Link to post in topic
https://originaltrilogy.com/post/id/753009/action/topic#753009
Date created
15-Feb-2015, 1:16 PM

Oh, sure!
Colorizing movies were originally made by a physical process where a limited-color palette of color overlays were applied to physical areas presenting each frame (or groups of no-motion frames). These limited color-patches were applied throughout the entire film.

So, once a digital process is established, just let it run from beginning to end and that should be the complete project. The corrections I made to the colorized YouTube snapshot therefore should be a representative gin-up of the entire, original colorizing process ... if we were to use those specific  YouTube sources. Better sources shouldn't need fix-ups, unless for better esthetics.

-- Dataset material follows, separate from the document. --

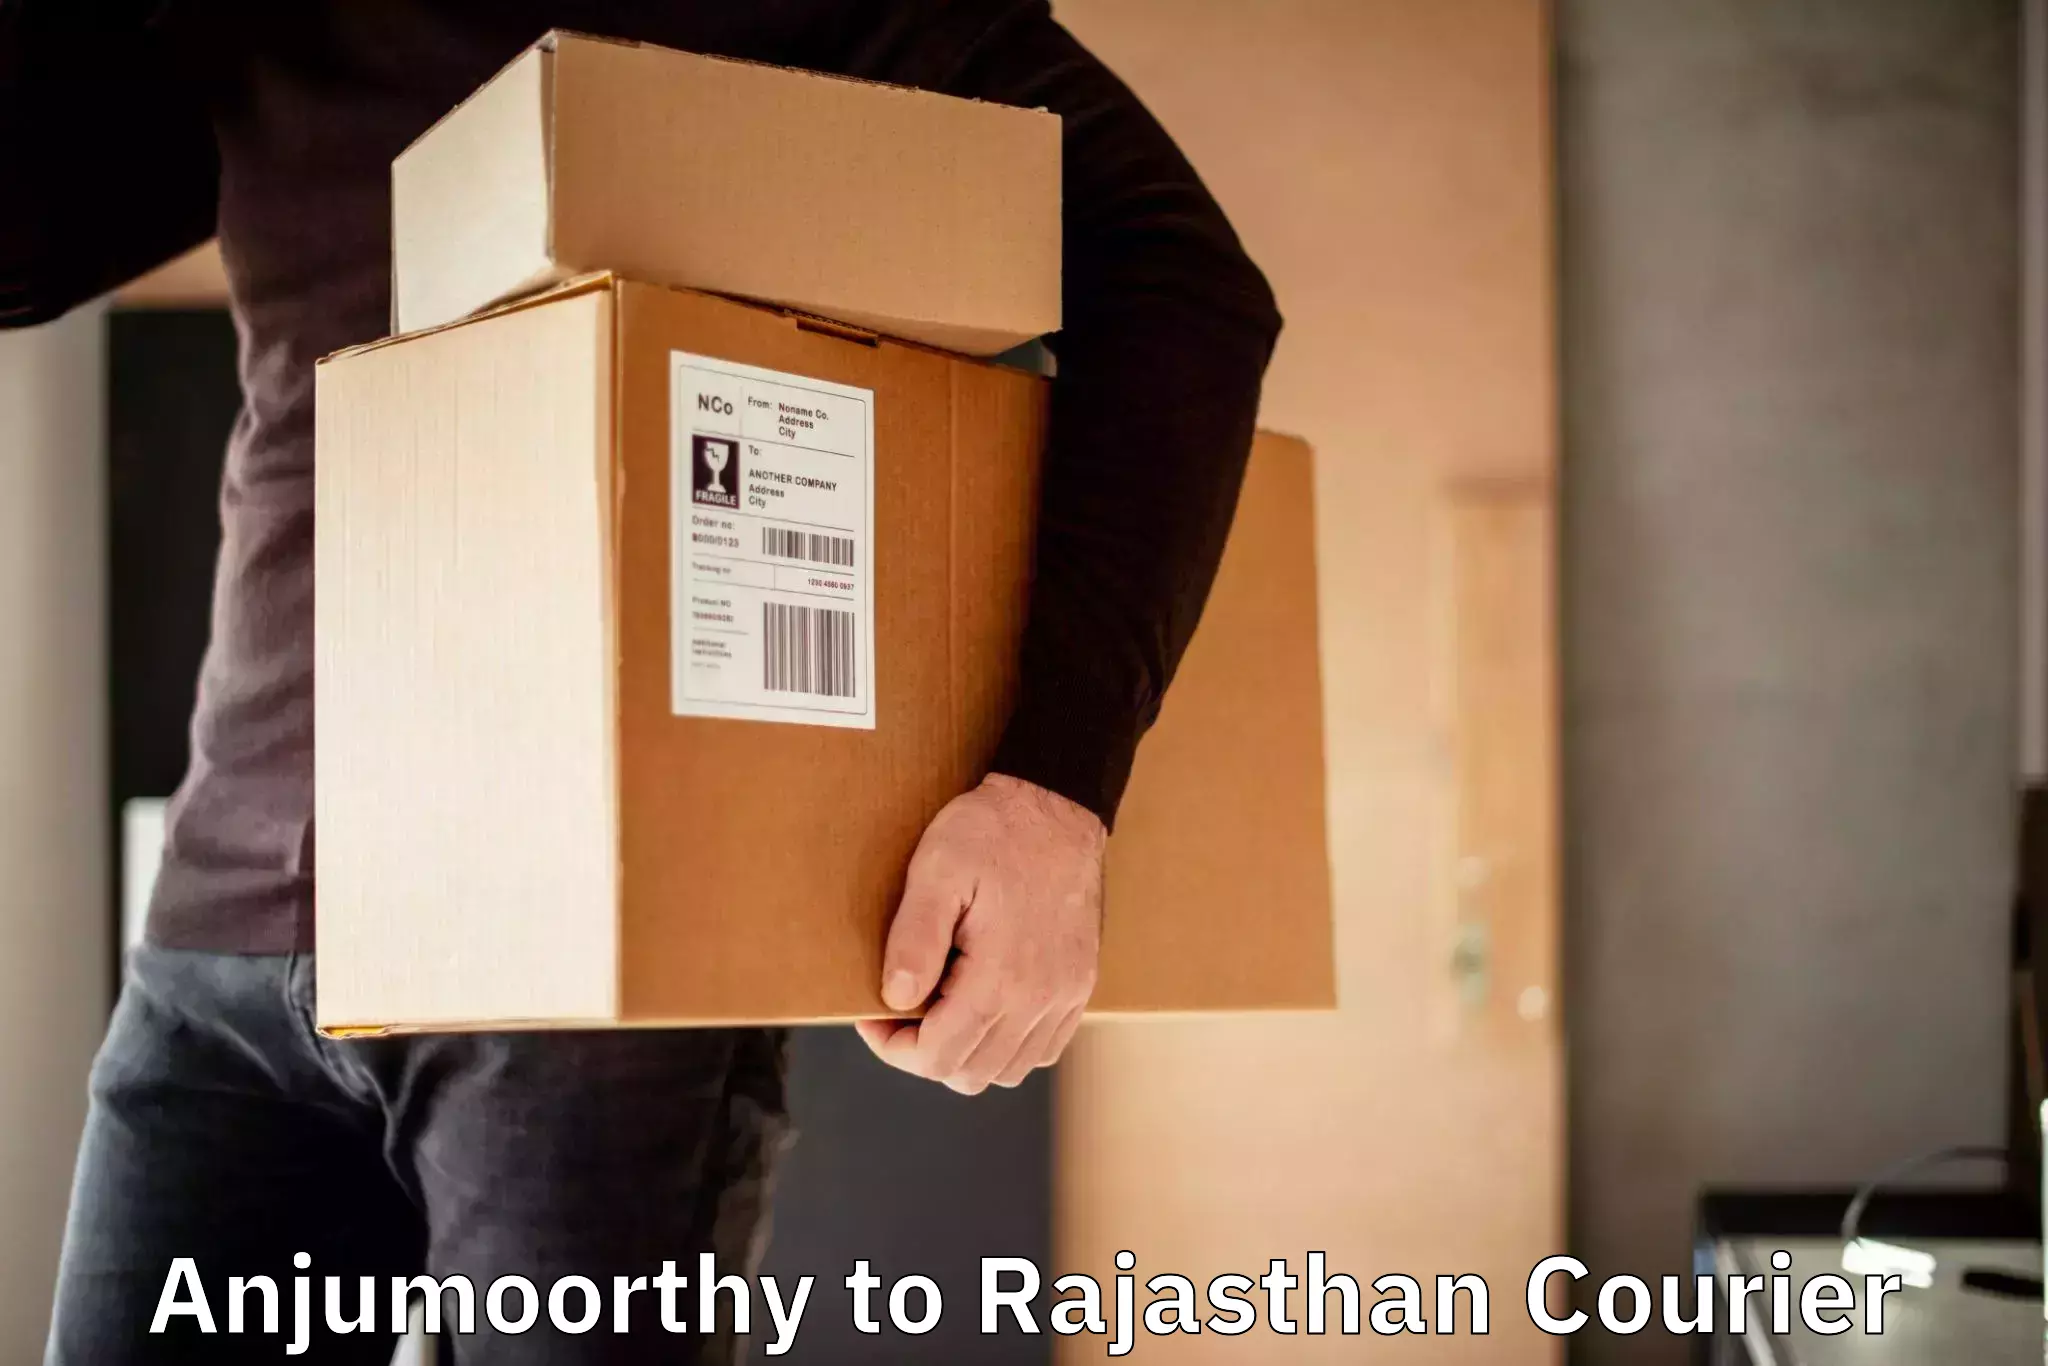 Next-day freight services Anjumoorthy to Rajasthan

This can be seen in the recent LegendFilms colorization of The Little Rascals on DVD (should be a digital process now-a-days).

  Notice that the Hues are essentially flat, and uniformly cover wide areas. (Just think rooms full of women workers knife-cutting celluloid sheets of different colors for specific areas of each shot. Yep, that's how it was done!) Saturation is pretty much uniform for all those Hues ... just like in those old days.

In fact, the more ambitious and meticulous restorer could digitally recreate the Hue masks to apply over the B&W original for perfect colorization.